• What you need to do
Repeat the data exactly. Pictures are not part of the copy.

• Source data
· · ·
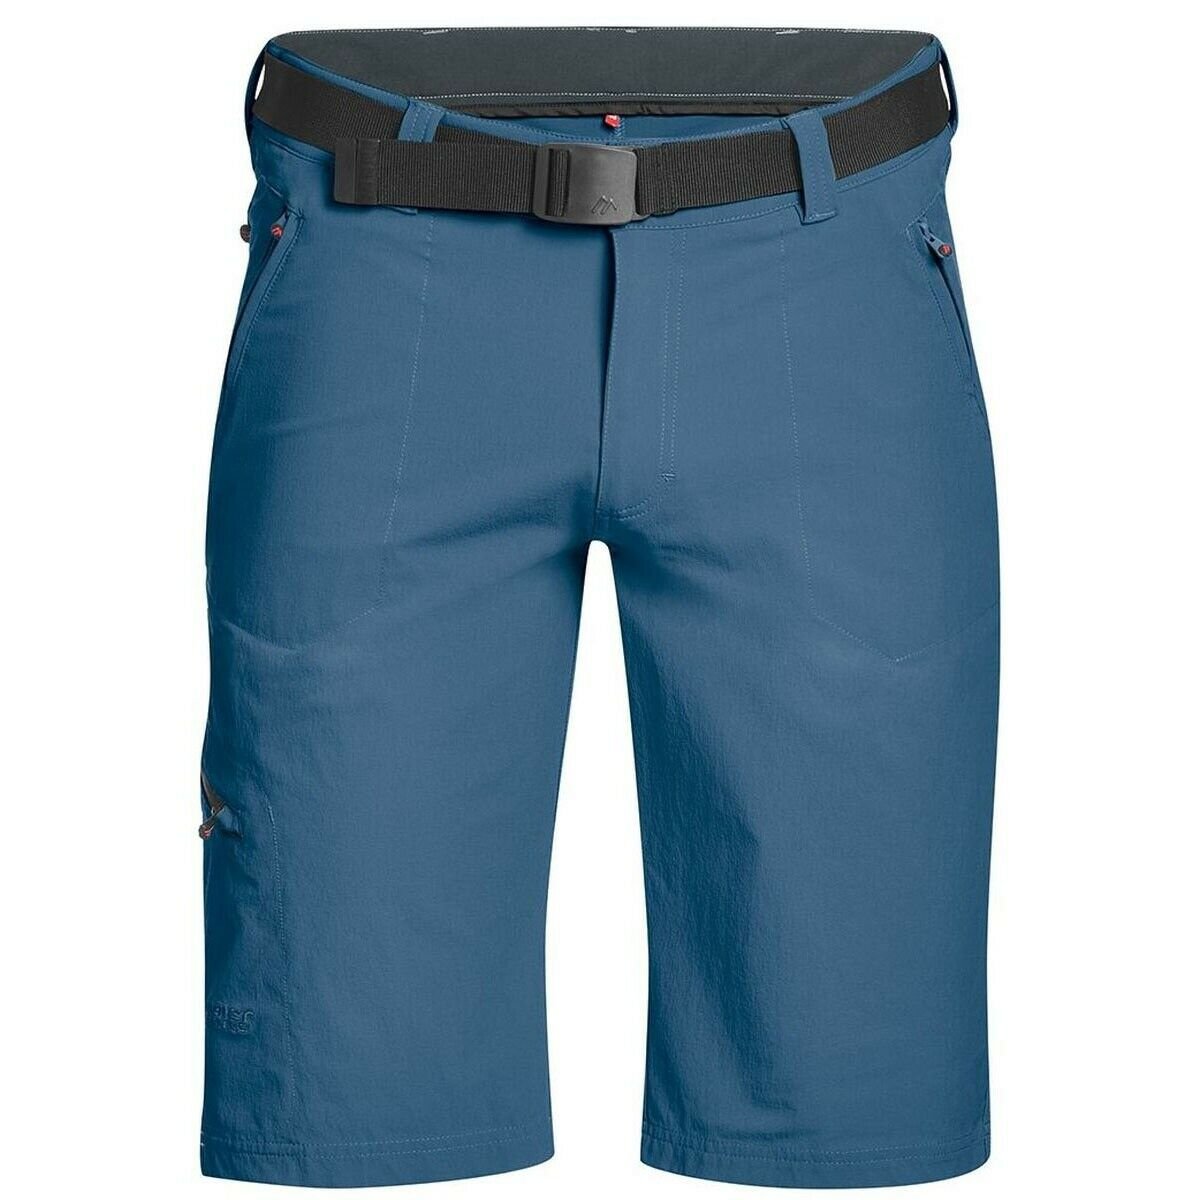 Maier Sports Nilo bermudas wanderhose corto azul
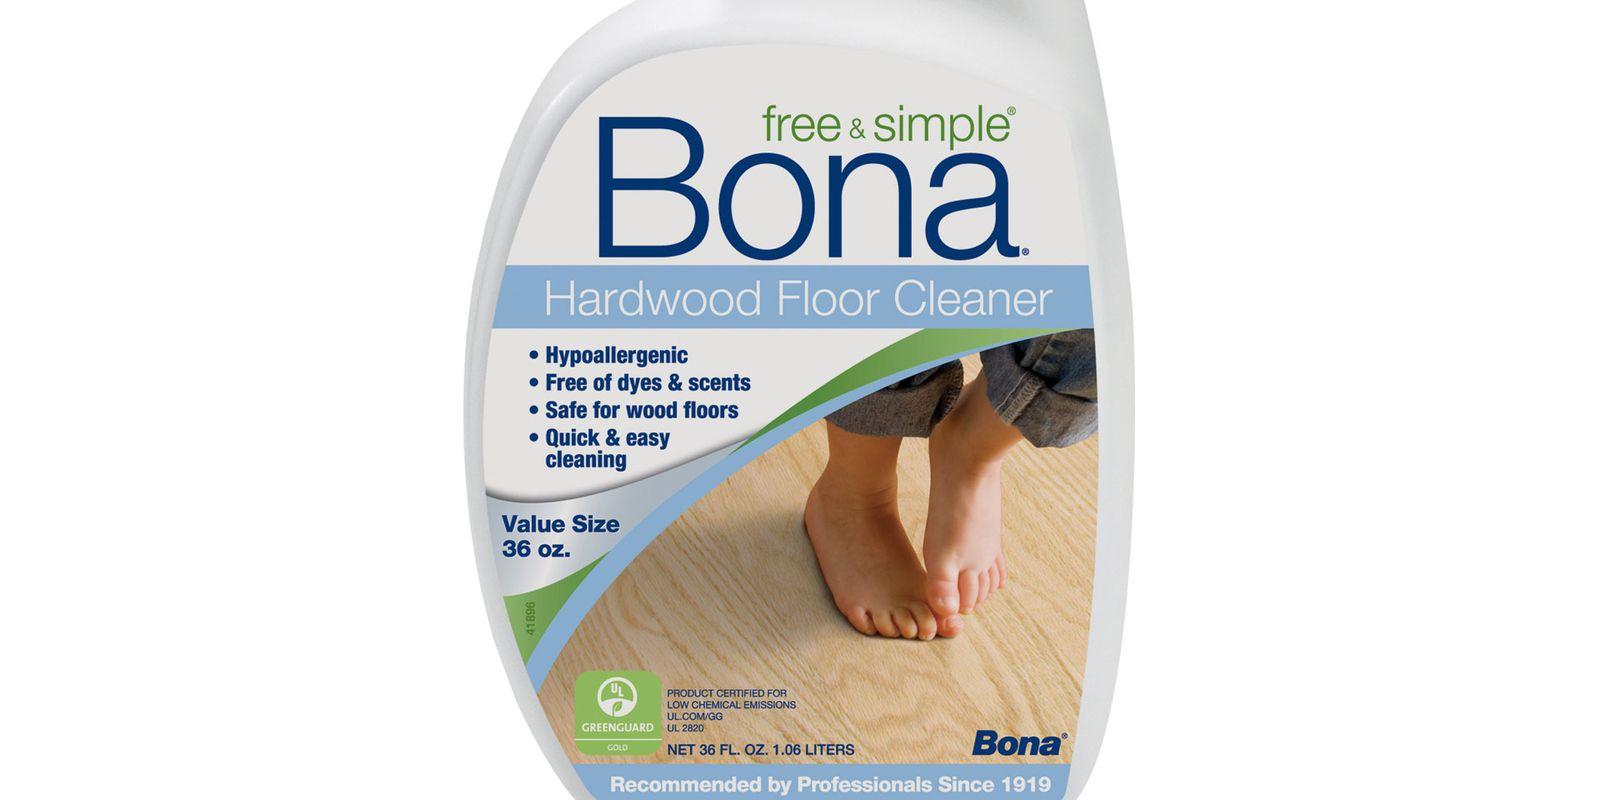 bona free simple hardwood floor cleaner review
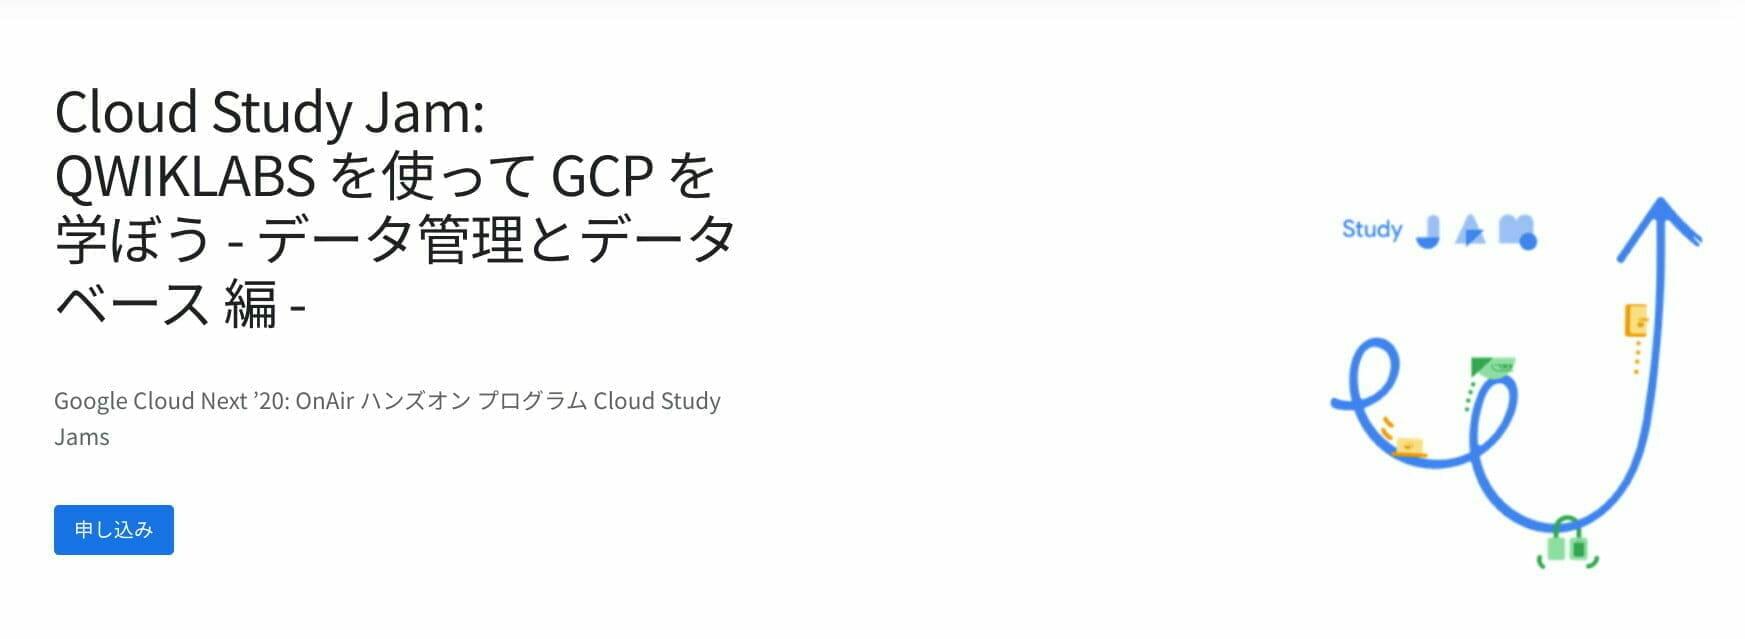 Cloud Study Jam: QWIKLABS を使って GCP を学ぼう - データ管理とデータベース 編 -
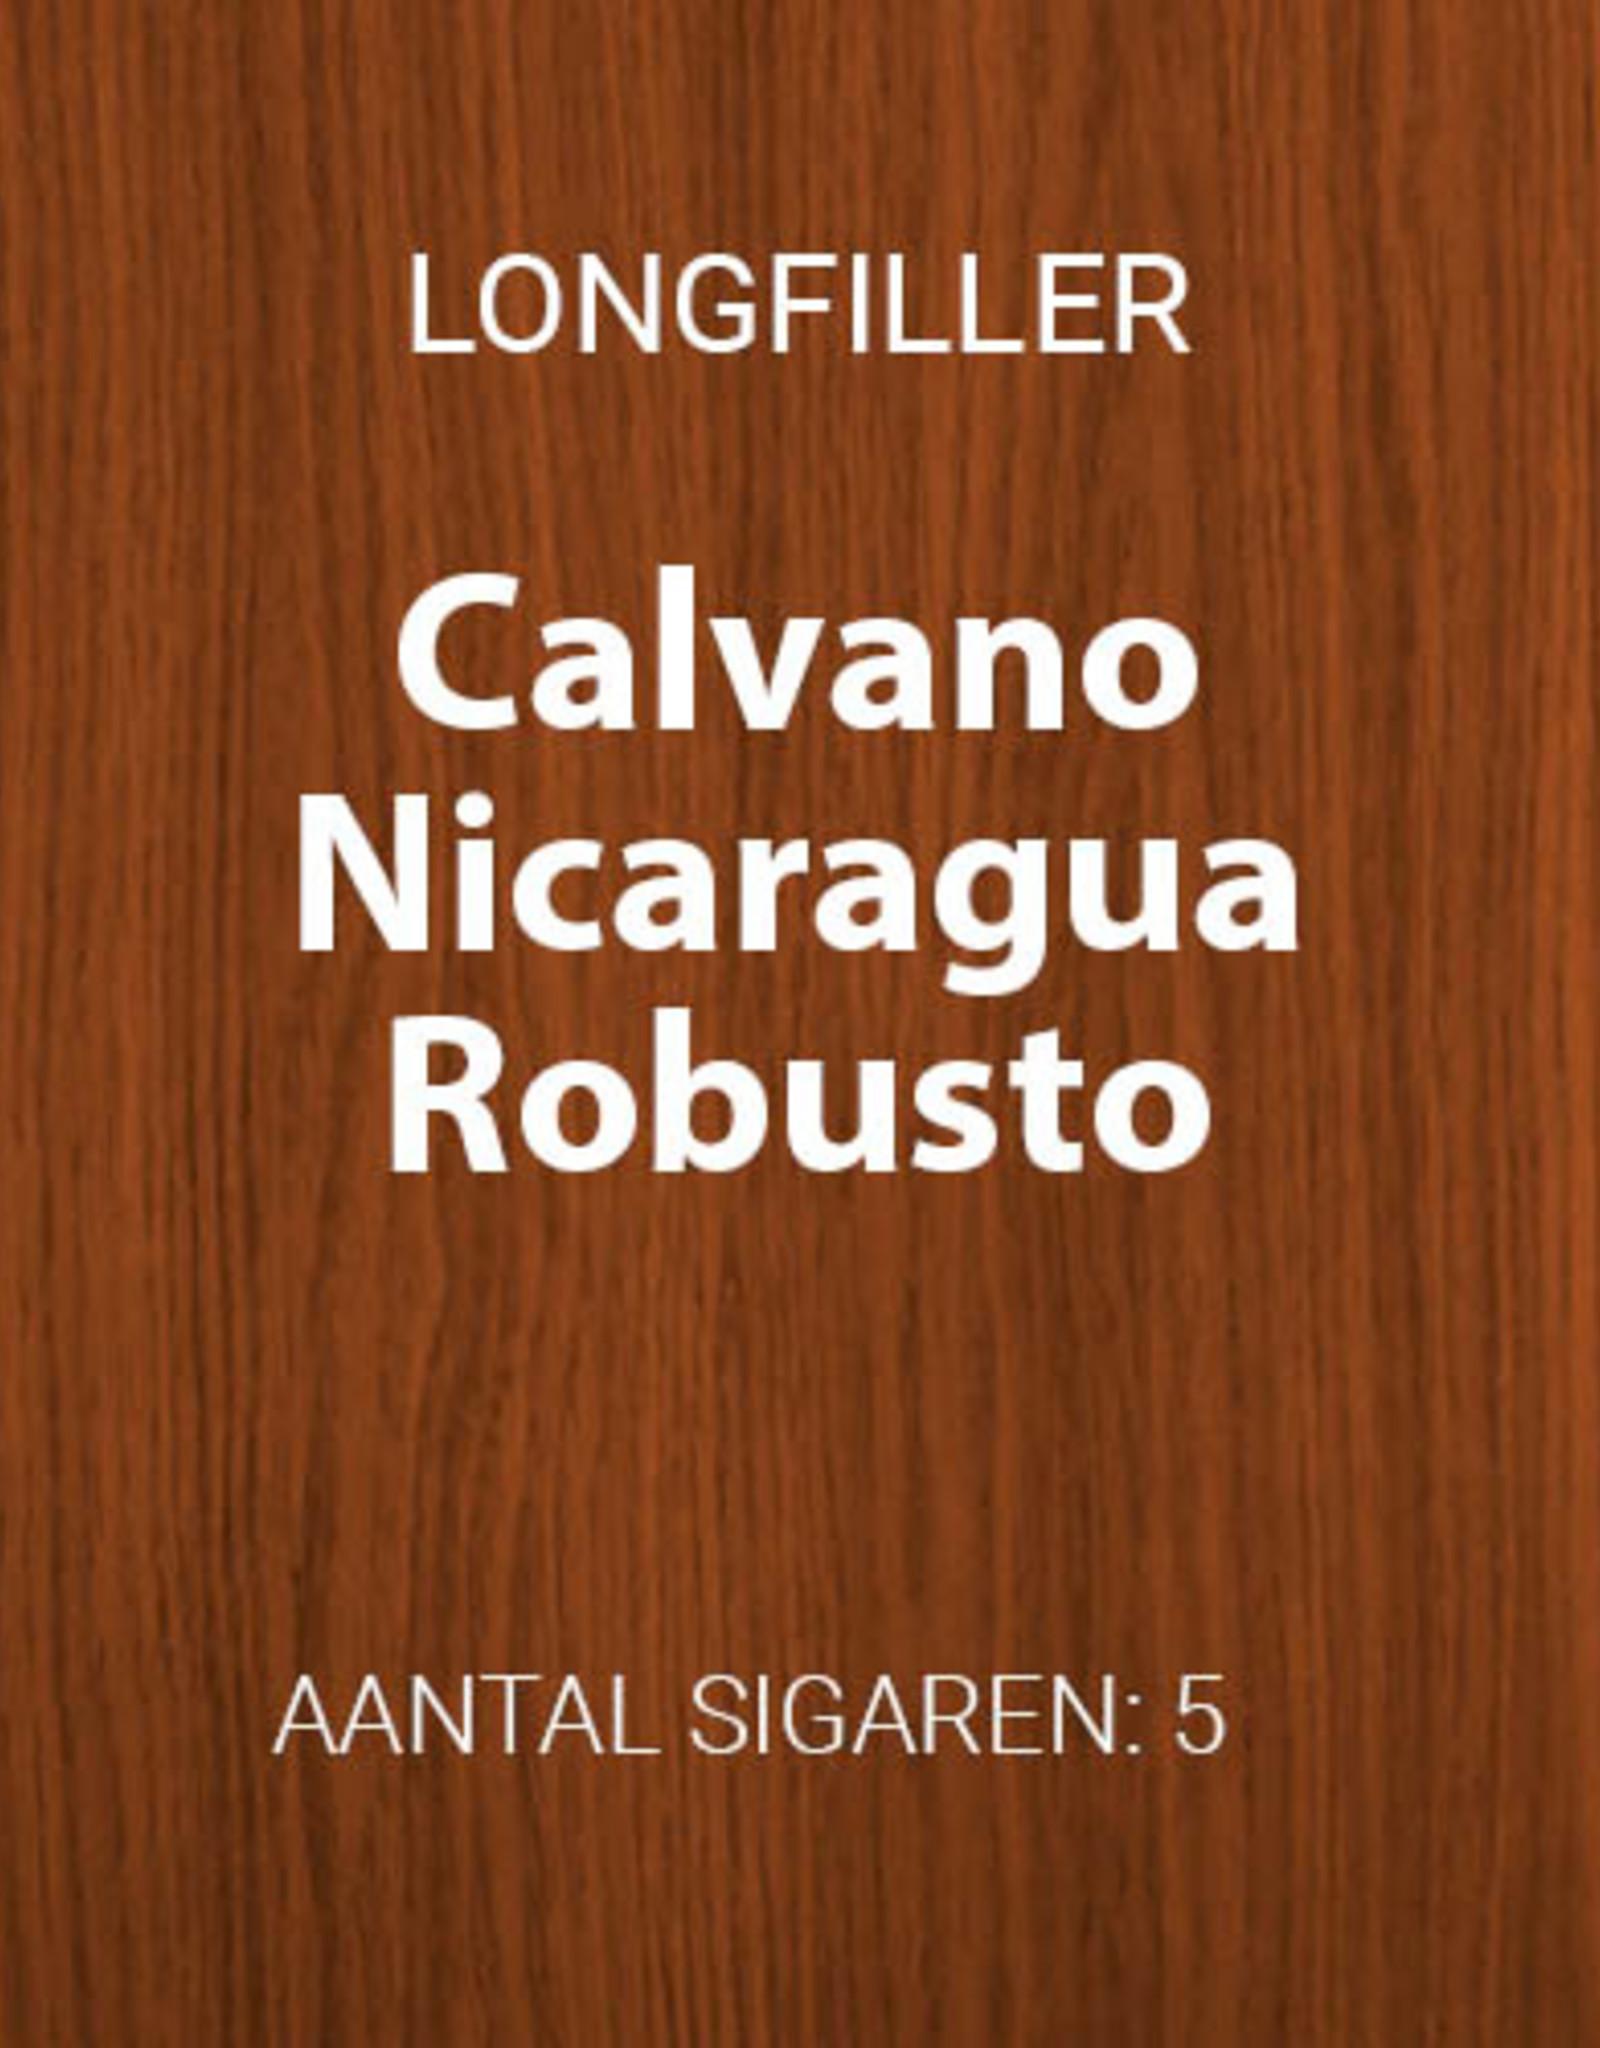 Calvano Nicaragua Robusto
· · ·
• Exercise solution
 Maier Sports Nilo bermudas wanderhose corto azul
 bona free simple hardwood floor cleaner review
 Cloud Study Jam: QWIKLABS を使って GCP を学ぼう - データ管理とデータベース 編 -
 Calvano Nicaragua Robusto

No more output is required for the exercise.